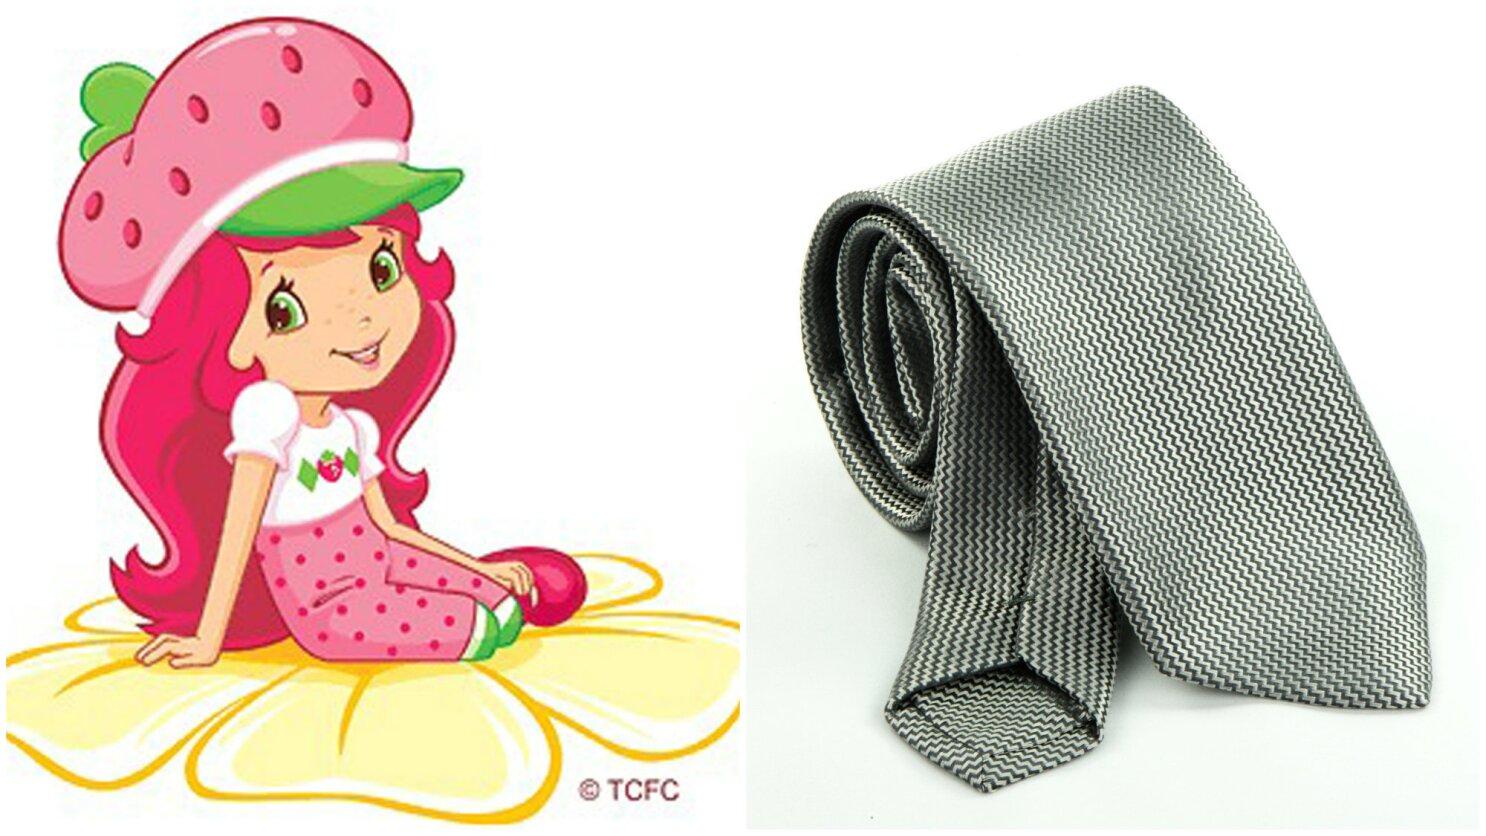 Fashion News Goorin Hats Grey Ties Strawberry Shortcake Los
________________
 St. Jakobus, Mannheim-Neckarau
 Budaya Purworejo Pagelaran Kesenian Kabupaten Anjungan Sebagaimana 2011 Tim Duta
________________
--- Goal of the exercise ---
Once the line with "St. Jakobus, Mannheim-Neckarau" is found in the records above, print exactly that line and every line after it through the line with "Budaya Purworejo Pagelaran".

--- Answer section ---
 St. Jakobus, Mannheim-Neckarau
 Budaya Purworejo Pagelaran Kesenian Kabupaten Anjungan Sebagaimana 2011 Tim Duta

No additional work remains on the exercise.